Think of it like a git-centric workflow using the dpkg-buildpackage
from
before alongside a variety of quality-improving tools we’ll cover as we go.
But let’s grab rdkit from salsa:
# apt-get install -y git-buildpackage
# git clone https://salsa.debian.org/debichem-team/rdkit.git
# cd rdkit/
First we’ll consider the top entry in the debian/changelog, this will dictate the version assigned to the package:
# cat debian/changelog
rdkit (202209.3-2) UNRELEASED; urgency=medium
-- Debichem Team <debichem-devel@lists.alioth.debian.org> Sat, 14 Jan 2023 13:33:42 +0100
So the changelog doesn’t say much for humans, but it gives the version
(202209.3-2
), author (Debichem Team
) and the date the changelog was
generated (Sat, 14 Jan 2023 13:33:42 +0100
). So we expect if we use the right
incantations we can build rdkit 202209.3-2.
rdkit # gbp buildpackage
gbp:error: Pristine-tar couldn't verify "rdkit_202209.3.orig.tar.xz": fatal: path 'rdkit_202209.3.orig.tar.xz.delta' does not exist in 'refs/remotes/origin/pristine-tar'
pristine-tar: git show refs/remotes/origin/pristine-tar:rdkit_202209.3.orig.tar.xz.delta failed
I don’t know why we need a pristine tar ref. So we can tell gbp to skip it and try again:
rdkit# gbp buildpackage --git-no-pristine-tar
gbp:info: Performing the build
debuild: warning: debian/changelog(l4): found trailer where expected start of change data
LINE: -- Debichem Team <debichem-devel@lists.alioth.debian.org> Sat, 14 Jan 2023 13:33:42 +0100
dpkg-buildpackage -us -uc -ui -i -I
dpkg-buildpackage: warning: debian/changelog(l4): found trailer where expected start of change data
[[[ SNIP ]]]
dpkg-buildpackage -us -uc -ui -i -I failed
gbp:error: 'debuild -i -I' failed: it exited with 29
Ah, our old friend dpkg-buildpackage
shows up again. But it fails, it looks
like the debian changelog is not suitable for a build just yet (submitting
broken code happens!), we can edit the changelog:
rdkit# cat debian/changelog | head -n 10
rdkit (202209.3-2) UNRELEASED; urgency=medium
* Just filling this in
-- Debichem Team <debichem-devel@lists.alioth.debian.org> Sat, 14 Jan 2023 13:33:42 +0100
And try again:
rdkit # gbp buildpackage --git-no-pristine-tar
gbp:error: You have uncommitted changes in your source tree:
gbp:error: On branch master
Your branch is up to date with 'origin/master'.

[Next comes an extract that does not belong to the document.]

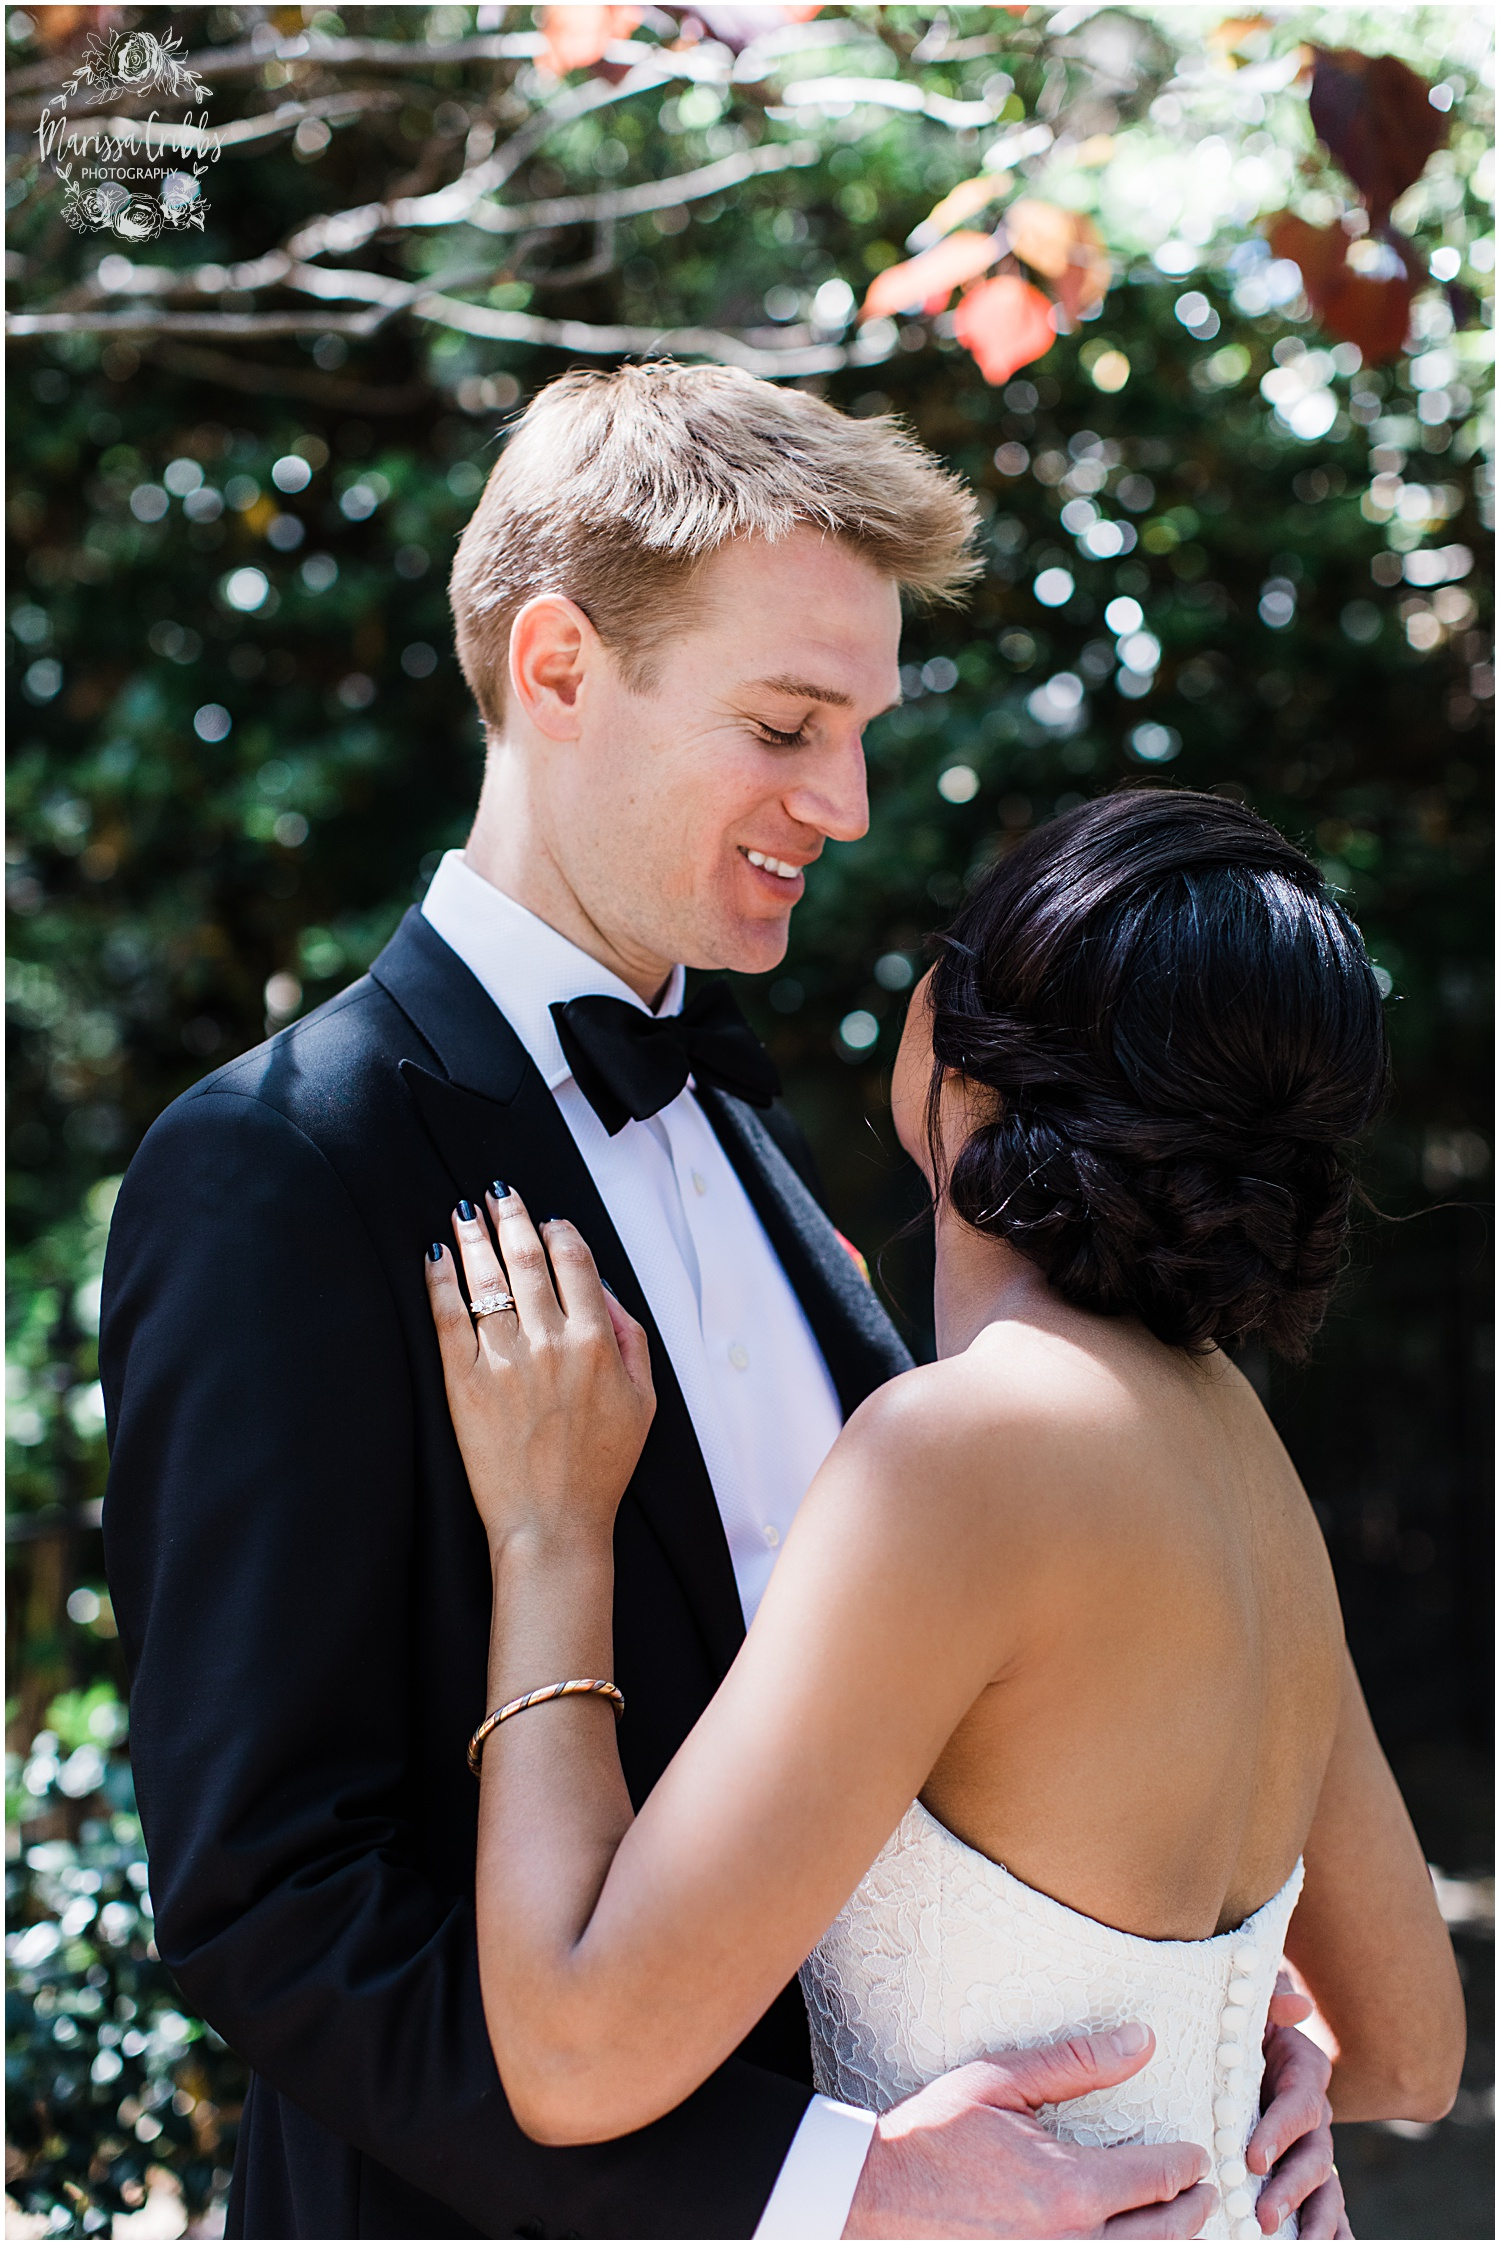 NEW ORLEANS WEDDING   BENACHI HOUSE   SARAH & MICHAEL   MARISSA CRIBBS PHOTOGRAPHY_4419.jpg

Turns out the process of running buildpackage had applied patches and dirtied our git checkout, making gbp suspicious the project was no longer suitable for release. We can add on another flag to ignore dirty changes in the git repo:
rdkit # gbp buildpackage --git-no-pristine-tar --git-ignore-new
[[[ SNIP ]]]
dpkg-checkbuilddeps: error: Unmet build dependencies: catch2 cmake dh-python doxygen flex imagemagick latexmk libboost-dev libboost-iostreams-dev libboost-python-dev libboost-regex-dev libboost-system-dev libboost-thread-dev libcairo-dev libcoordgen-dev libeigen3-dev libfreetype6-dev libmaeparser-dev librsvg2-bin libsqlite3-dev pandoc postgresql-server-dev-all python3-dev python3-numpy python3-pandas python3-pil | python3-imaging python3-recommonmark python3-sphinx python3-sqlalchemy rapidjson-dev texlive-latex-extra texlive-latex-recommended
dpkg-buildpackage: warning: build dependencies/conflicts unsatisfied; aborting
And again we have an error, similar to the bash build before we are missing dependencies required to compile the code. The tools won’t automatically install the build dependencies as that could be messy in a dev environment. Why don’t we just jump to sandboxing a build, no need in potentially muddying up a developers OS.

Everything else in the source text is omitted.